Once the data is moved, the destination LXD will start and apply any needed updates.
And finally your containers will be brought back to their previous state, completing the migration.

Are you ready to proceed (yes/no) [default=no]? yes
=> Shutting down the source LXD
=> Stopping the source LXD units
=> Stopping the destination LXD unit
=> Unmounting source LXD paths
=> Unmounting destination LXD paths
=> Wiping destination LXD clean
=> Moving the data
=> Moving the database
=> Backing up the database
=> Opening the database
=> Updating the storage backends
error: Failed to update the storage pools: no such table: storage_pools

The old installation is still there, but it’s empty. The new installation lists my containers but won’t start any, with a Error: no such file or directory error. My storage pools are btrfs looped images, and I see they’ve been moved to /var/snap/lxd/common/lxd/disks. I thought I might just be able to set the source of the pools to the new path, but I get Error: The [source] properties cannot be changed for "btrfs" storage pools

I also don’t know what other migration steps were left after configuring the storage pools.

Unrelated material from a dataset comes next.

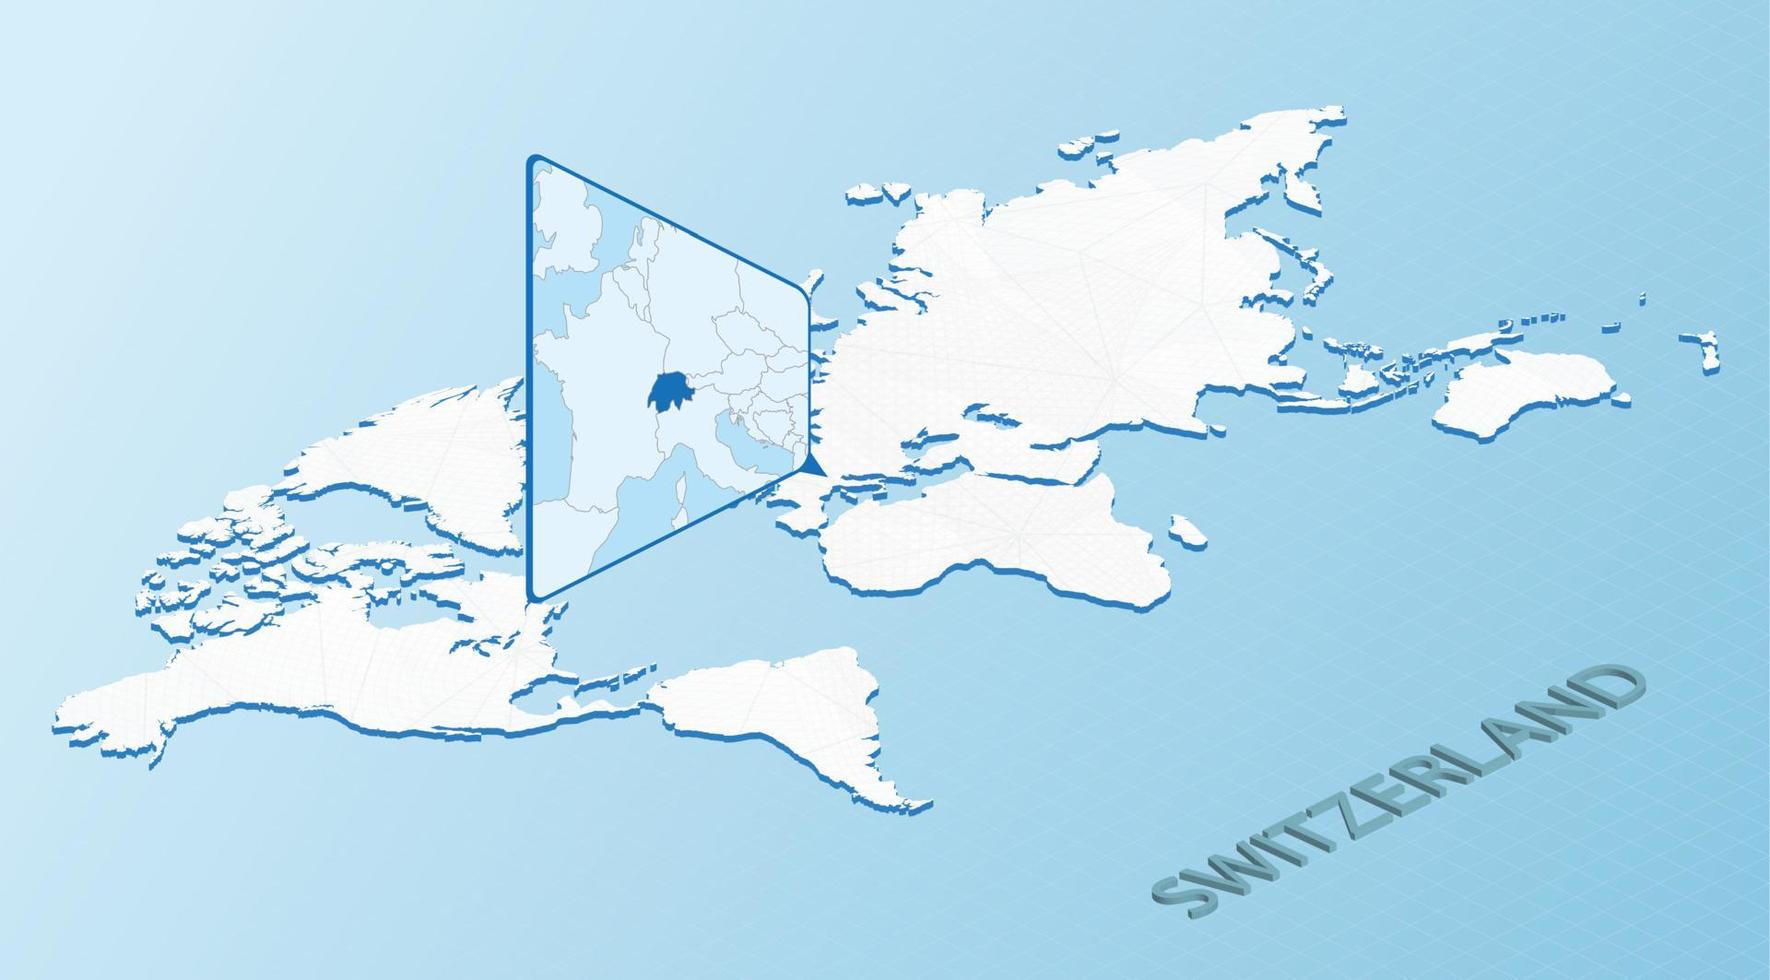 mondo carta geografica nel isometrico stile con dettagliato carta geografica di Svizzera. leggero blu Svizzera carta geografica con astratto mondo carta geografica. vettore

I’ve still got what I presume to be the original database at /var/lib/lxd/lxd.db, but at /var/snap/lxd/common/lxd there is only lxd.db.bak. There is no lxd.db. There is a local.db datbase in the /database directory, but it only has a few tables.

At this point I think I need to make sure the database is in the correct path and possibly manually update the database entries that contain the source paths for the storage pools. I’m going to hold off on trying to make changes for now as I’m very unfamiliar.

Oh crap, we really need to fix that ASAP.

As you’ve noticed, the database doesn’t work the same way with LXD 3.0, that’s not a problem when doing LXD 2.x to LXD 3.x upgrades, but moving from LXD 3.0 deb to LXD 3.0 snap is a bit of a problem…

Right now the safest would be to revert back to the deb, remove the snap and wait until we sort this out.
To do so, this should work:

  • mv /var/snap/lxd/common/lxd /var/lib/lxd
  • systemctl start lxd
  • /usr/bin/lxc list

If you see all your containers and everything looks right, then you may remove the LXD snap with snap remove lxd. DO NOT remove the LXD snap until you’ve confirmed that your data is accessible at the deb’s location as removing the snap will wipe everything under /var/snap/lxd

So I ran ‘mv /var/snap/lxd/common/lxd /var/lib/lxd’ and I’m noticing that it looks like that made an lxd subdirectory at /var/lib/lxd. That’s probably not intended, and maybe I should’ve run ‘mv /var/snap/lxd/common/lxd /var/lib’ instead? Right now, I can start the deb LXD but it’s still looking empty.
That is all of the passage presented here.